The Amazing Spider-Man #400, newsstand edition (April, 1995) – autographed

What’s Inside:

Heartache. That’s what’s inside. Yes, before Clark and Lois got married, Aunt May died.

In this comic, Aunt May, in a most touching scene, confesses to Peter that she has known for some time that he is Spider-Man and that she is very proud of him. An angst-ridden Ben Reilly begins to accept his place as a clone, and Aunt May have a heart-to-heart. But then Aunt turns dead while Peter quotes J.M. Barrie and all are reduced to tears, while poor Ben Reilly is forced to stay on the roof and cry all by himself, unable to even say goodbye to May.

Before May’s body has even had a chance to grow cold, Peter is arrested for some reason, ending the issue on a cliffhanger, but the important thing is that this is the issue when Aunt May dies the first time.

Writer: J.M. DeMatteis

Artist: Mark Bagley

Publisher: Marvel

Why I Kept This Issue:

Okay, so she dies and then gets better, and it’s not like she really dies a second time, but she does come damn near close to it on multiple occasions. In fact it was another potential “death of Aunt May” which led us into “Brand New Day.” Never mind.

This is issue is from the heart of the 90s and the dreaded Clone Saga, so it’s already got two very significant knocks against it. But this issue is not bad, in my opinion. The whole Peter being carted away by the police is pretty abrupt and feels uneven, but overall it’s a good read, which makes it the best of the worst I guess(?)

The writer J.M. DeMatteis told me that he hates the cover, and I have to agree with him. It should be a neat effect, with the tombstone and all that, but it is actually just really hard to see and bland looking. You basically have to feel over the thing like it were Braille. Here, here’s a better look…

I don’t know if Aunt May’s death has ever been referenced since she got better. When she’s fatally wounded or kidnapped in the series after this, I don’t recall Peter ever reflecting, “Oh no, not again”, so despite not being a bad read, this issue is pretty much ignored.

Attached Memory:

Aunt May reminds me of my grandmother. I mean, I’m sure she reminds a lot of readers of their grandmothers, but I’m special. I read this issue and cried because I imagined having to say goodbye to my gramma someday.

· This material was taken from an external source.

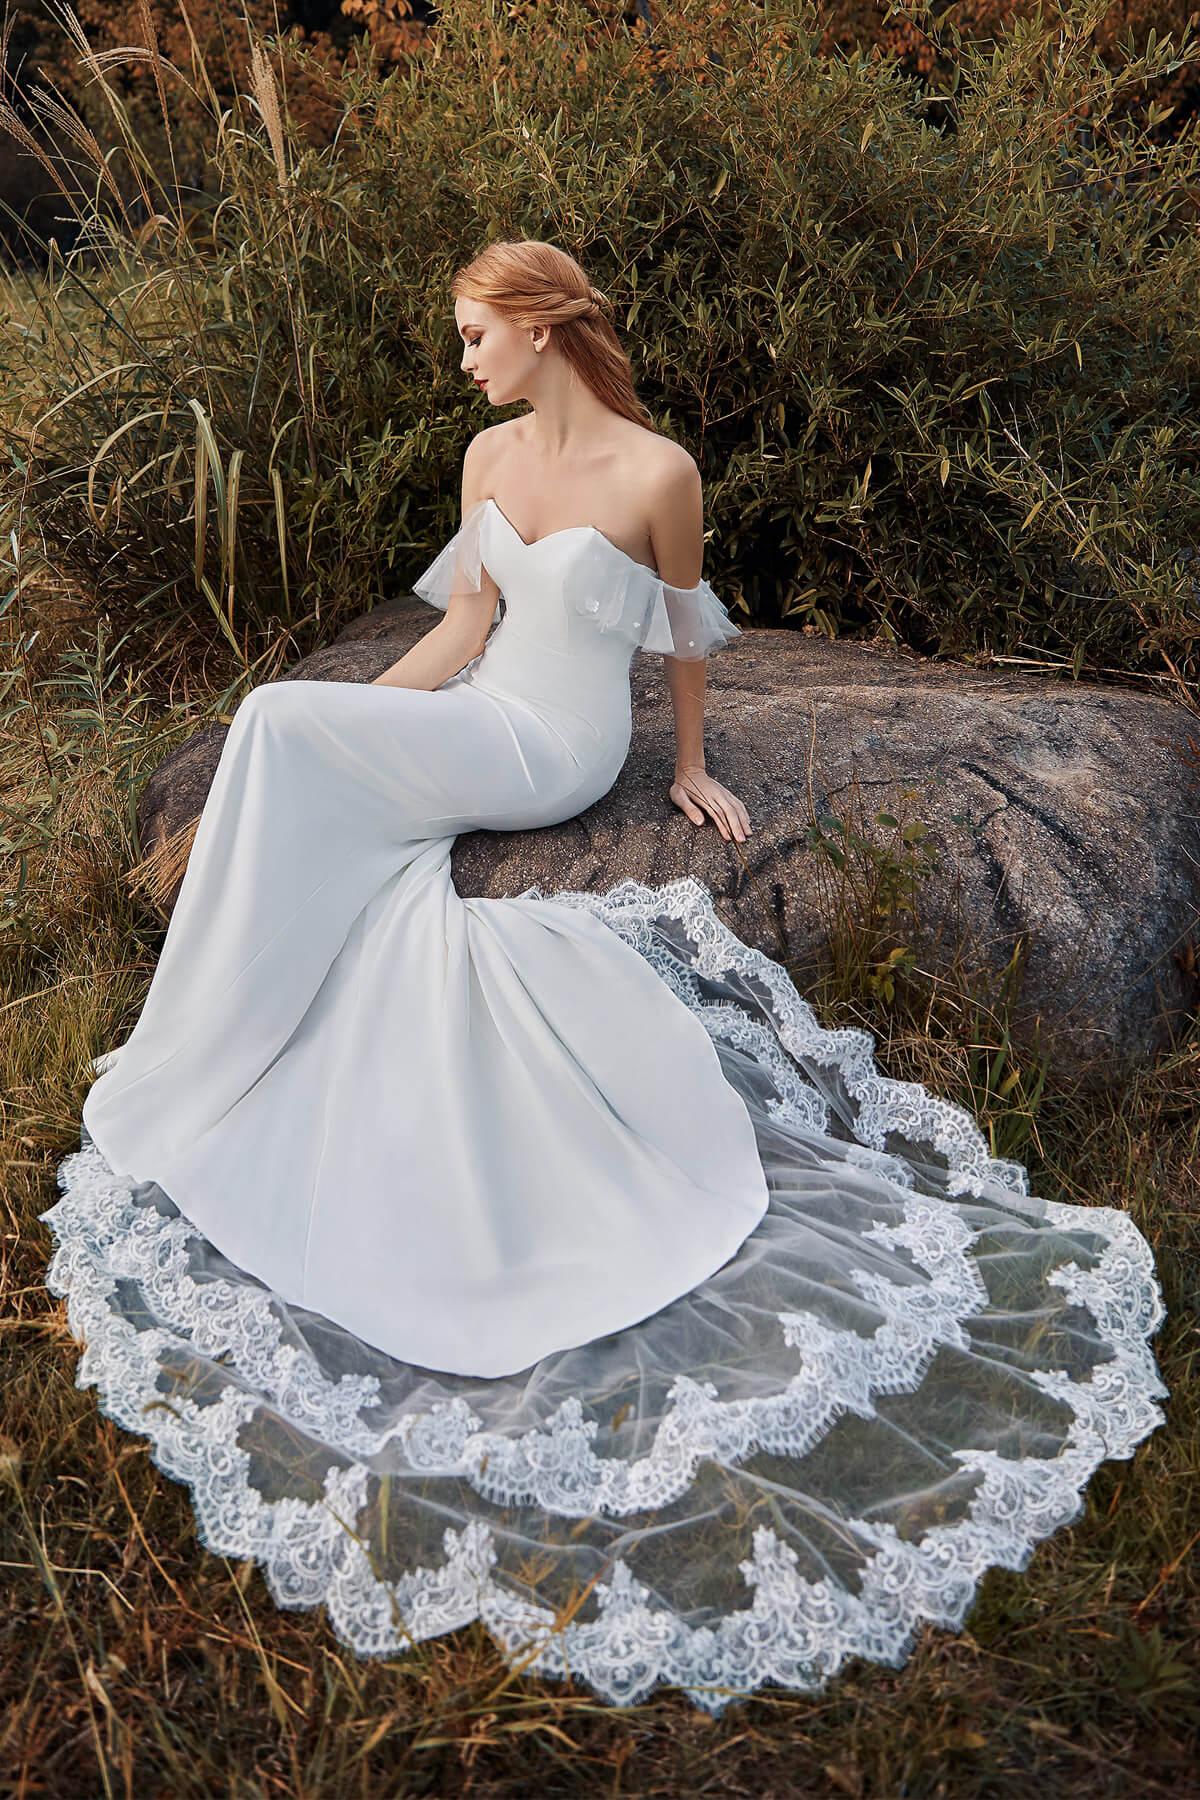 Cocomelody Black Wedding Dress List - CW2217

I had to face that worry head-on once, and this comic will always remind of that frightening day.

I was living with my grandmother at the time. It was in early afternoon and I was distracted with a video game. From my bedroom, I heard my grandmother call for help from her bathroom. I bolted to the sound of her cries and there she was, a sight I will never forget. She had been sitting on the toilet and was now tipped over. Not fallen flat, just tipped, unable to move an entire side of her body.

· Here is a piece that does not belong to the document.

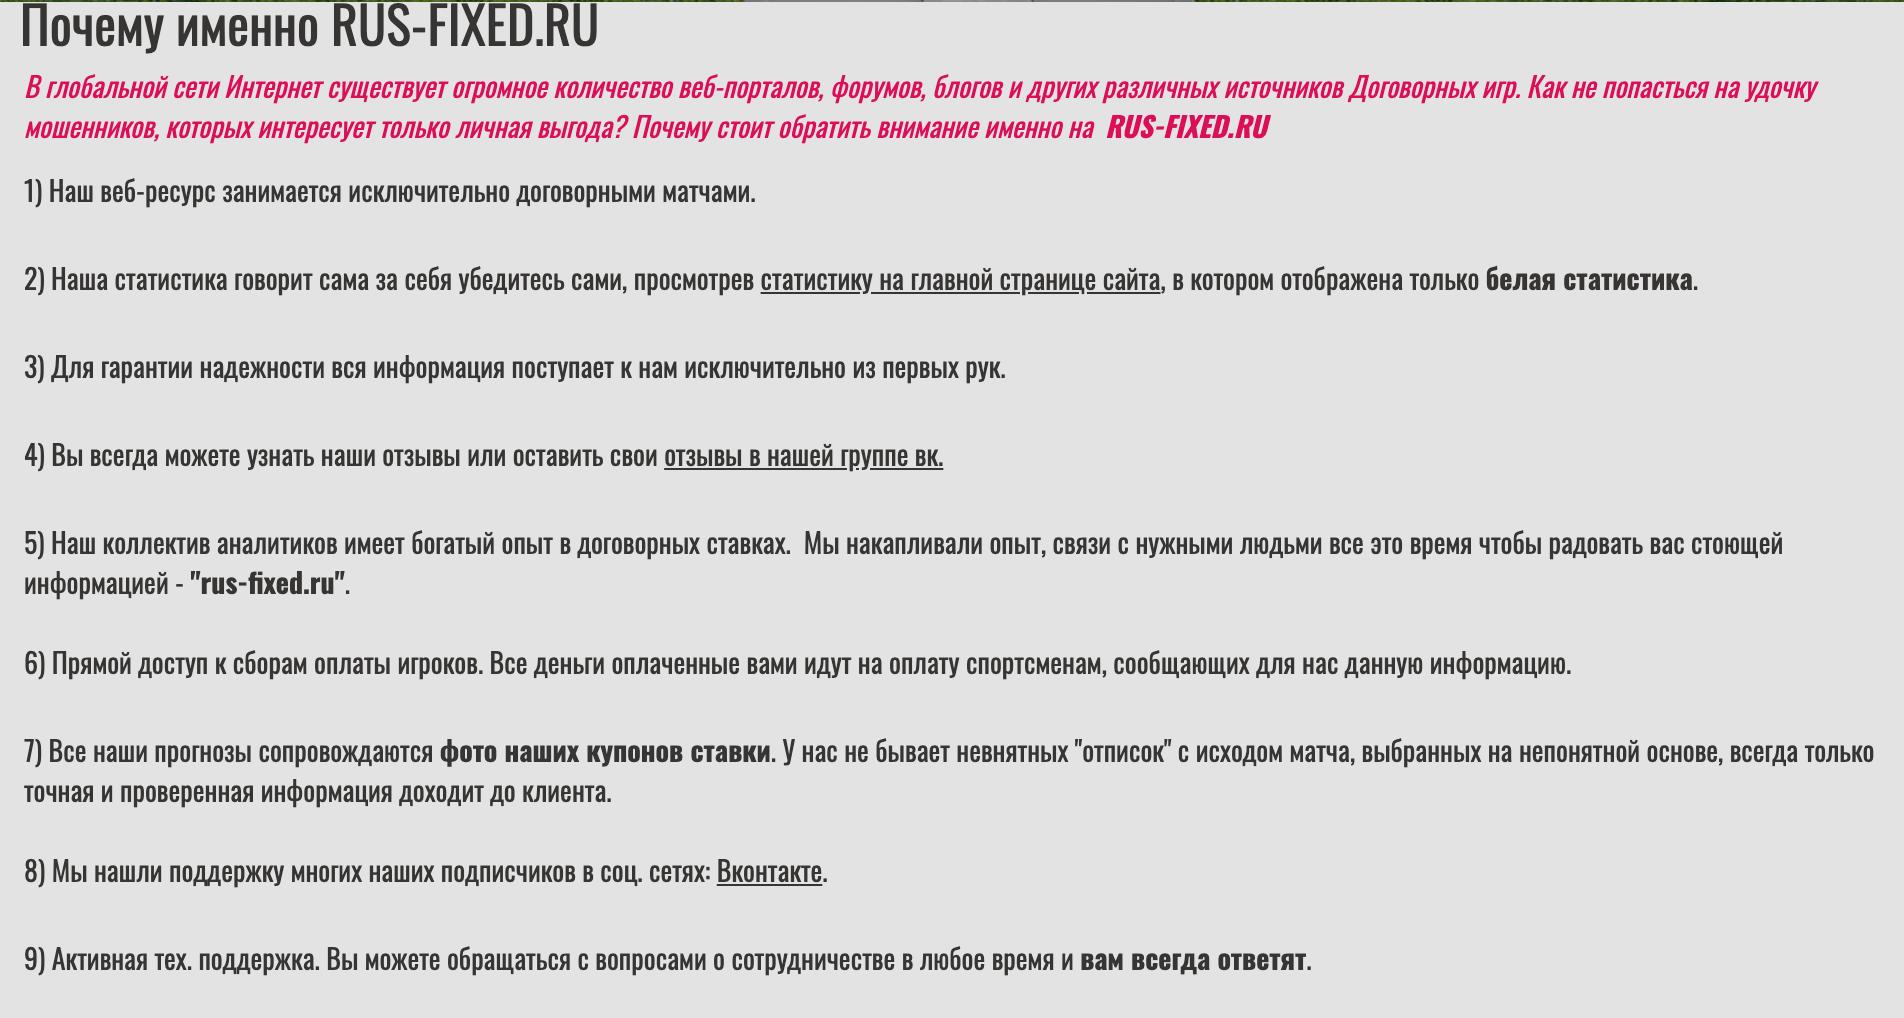 Контакты Rus-fixed.ru

The right side of her face was drooped and lame, as she looked up at me with desperate eyes and said, “Call Jerry.”

I fled the room and straight to the phone. Jerry was her oldest daughter. I did not call Jerry. I called 911. I came back into the bathroom and put my arms around her, trying to prop her upright, but also afraid to move her. I held her in my arms, stroking her hair and her back, assuring her that everything would be fine.

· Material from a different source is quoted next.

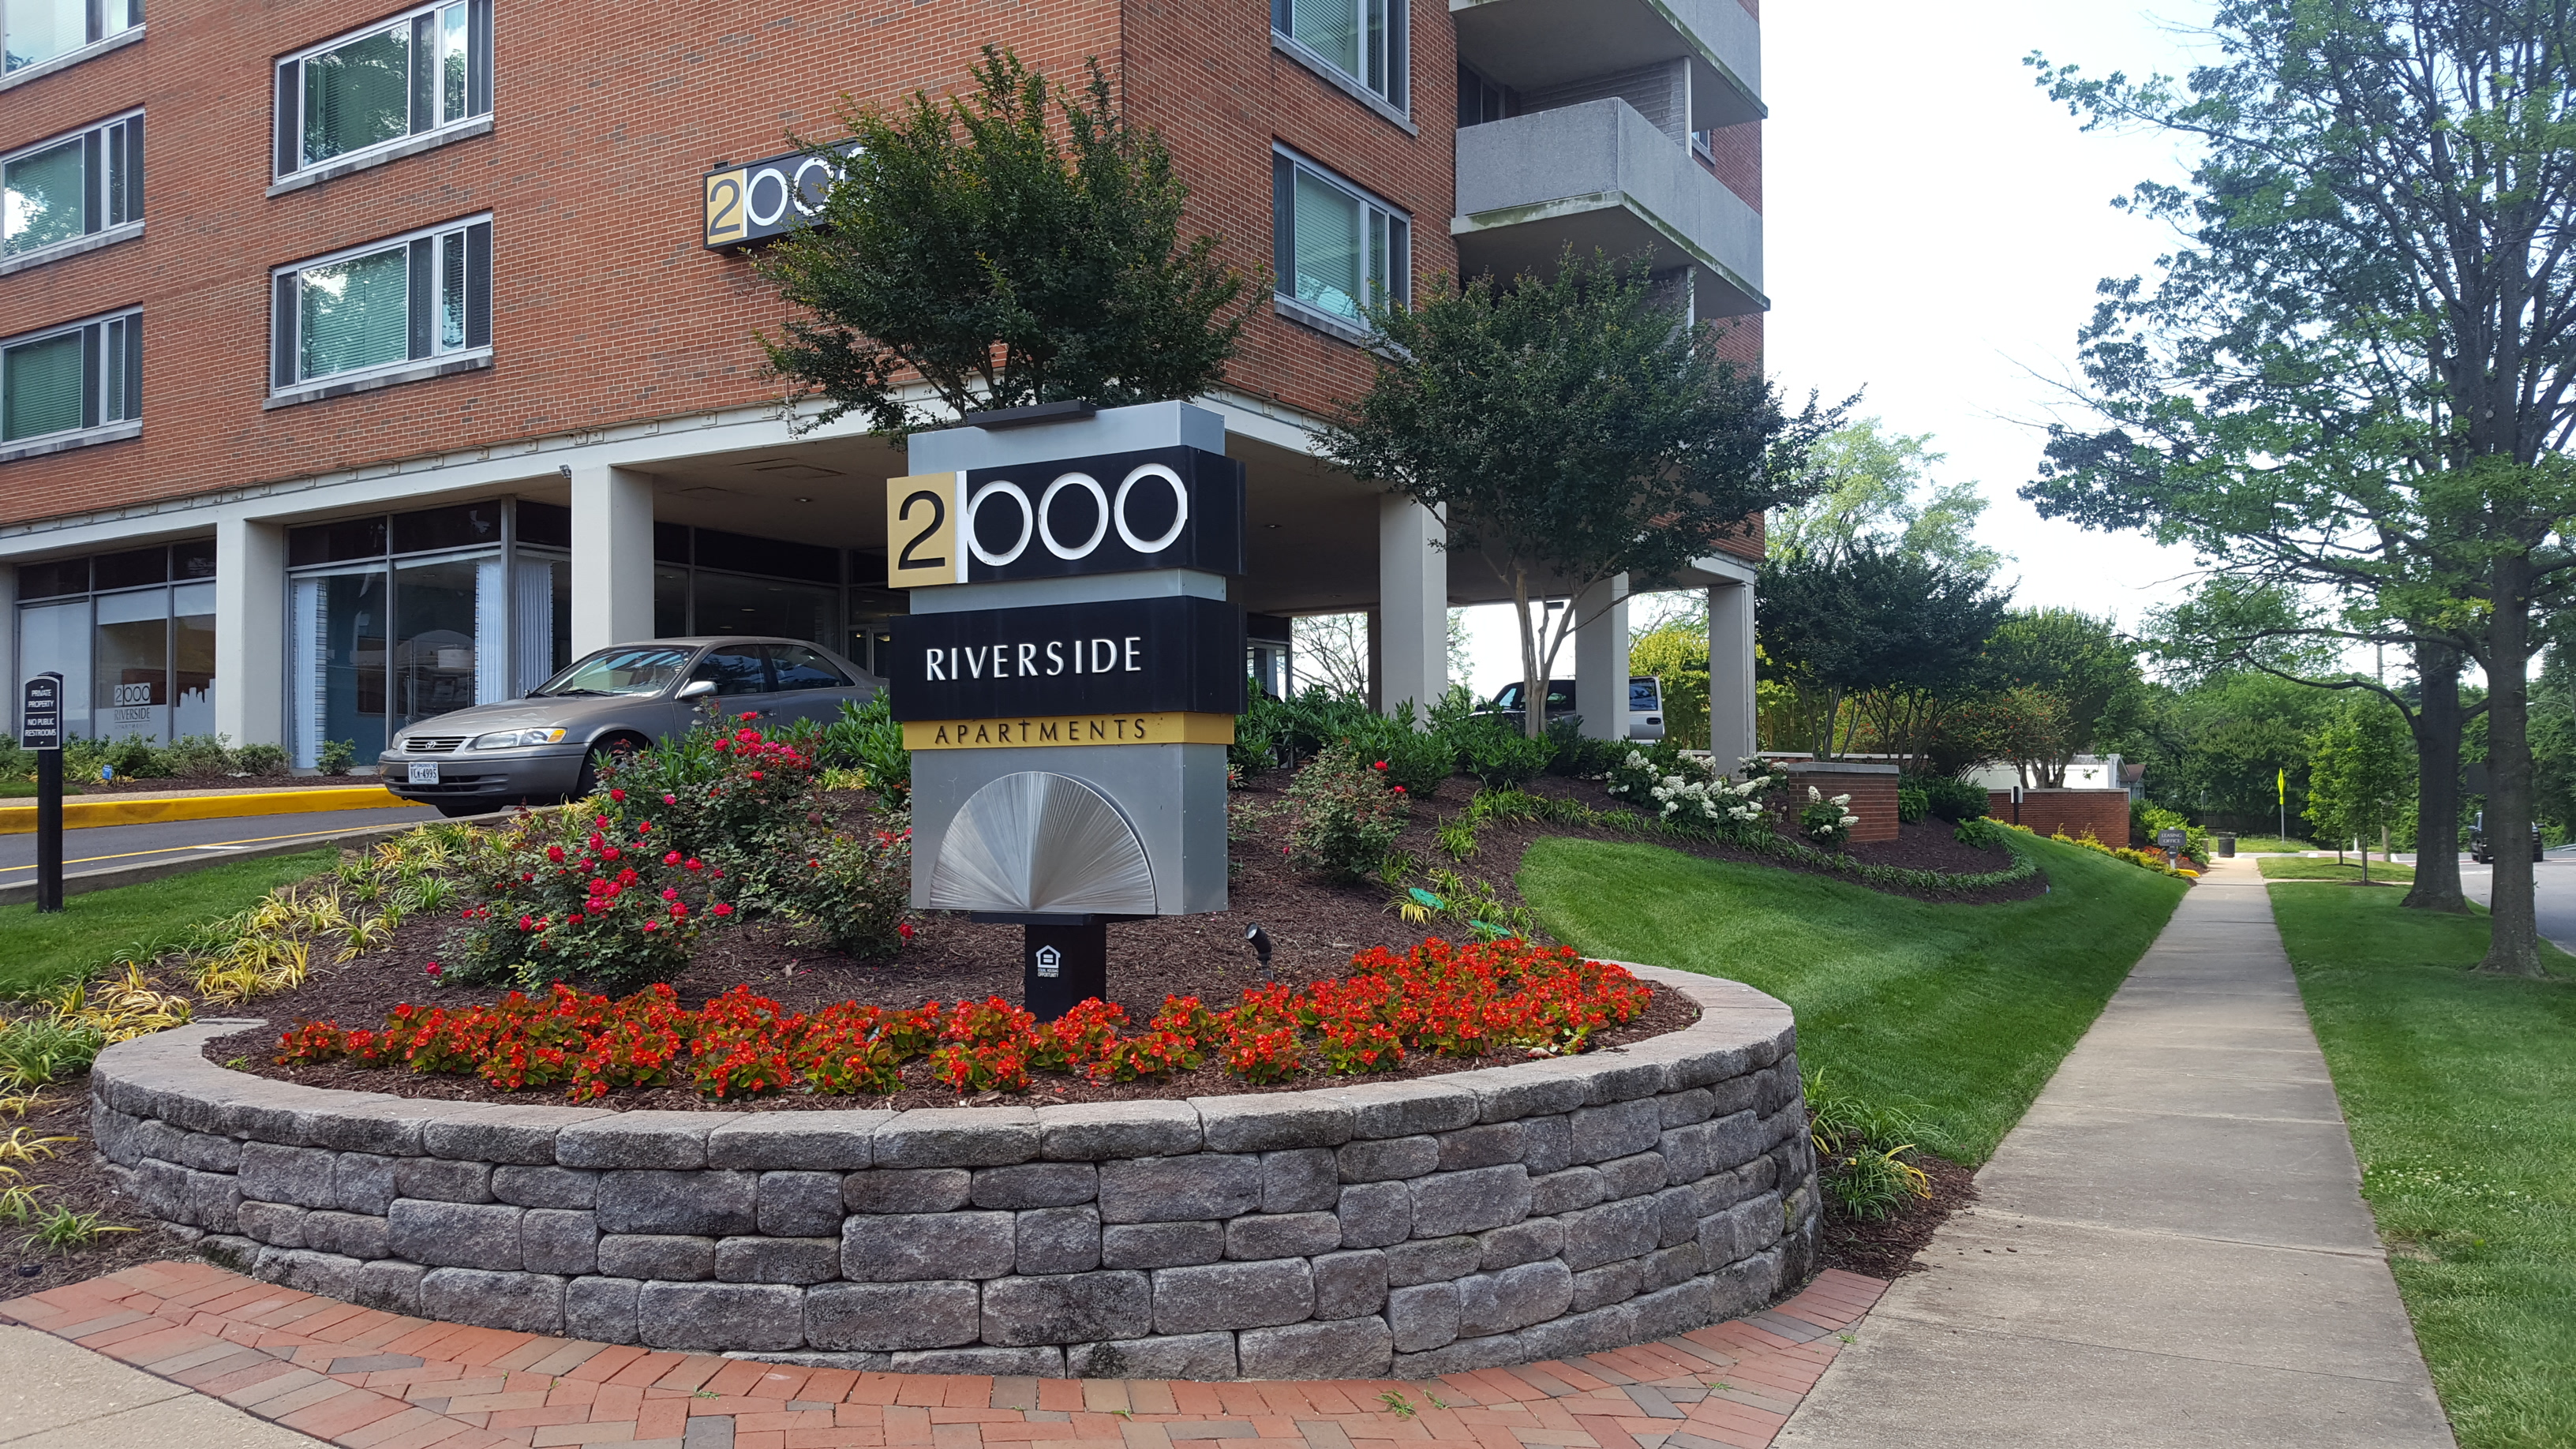 2000 Riverside

Gramma gurgled, barely able to speak, “You better call 911.”

I said, “It’s already done. They’re on their way.”

Due to the symptoms, I was sure what I was witnessing; my grandmother was having a stroke.

What a relief to learn later at the hospital that everything would be okay. Gramma had experienced what’s a called a TIA (sort of a stroke-lite that isn’t usually as serious) and was expected to make a full recovery. Though, during examinations for this event, the doctors would learn of a blood clot which they decided to preemptively correct with surgery before it could cause any problems. I was still so grateful that my grandmother was okay, and even grateful that because of this relatively harmless (yet frightening) ailment, another more serious condition was avoided.

I realized that day, though, that my grandmother would not be around forever, and I now travel to visit with her at least once a week. And let her cook for me. I do it for her benefit, not for mine, I swear, she likes it.

Condition of My Copy: Autographed by J.M. DeMatteis and Mark Bagley.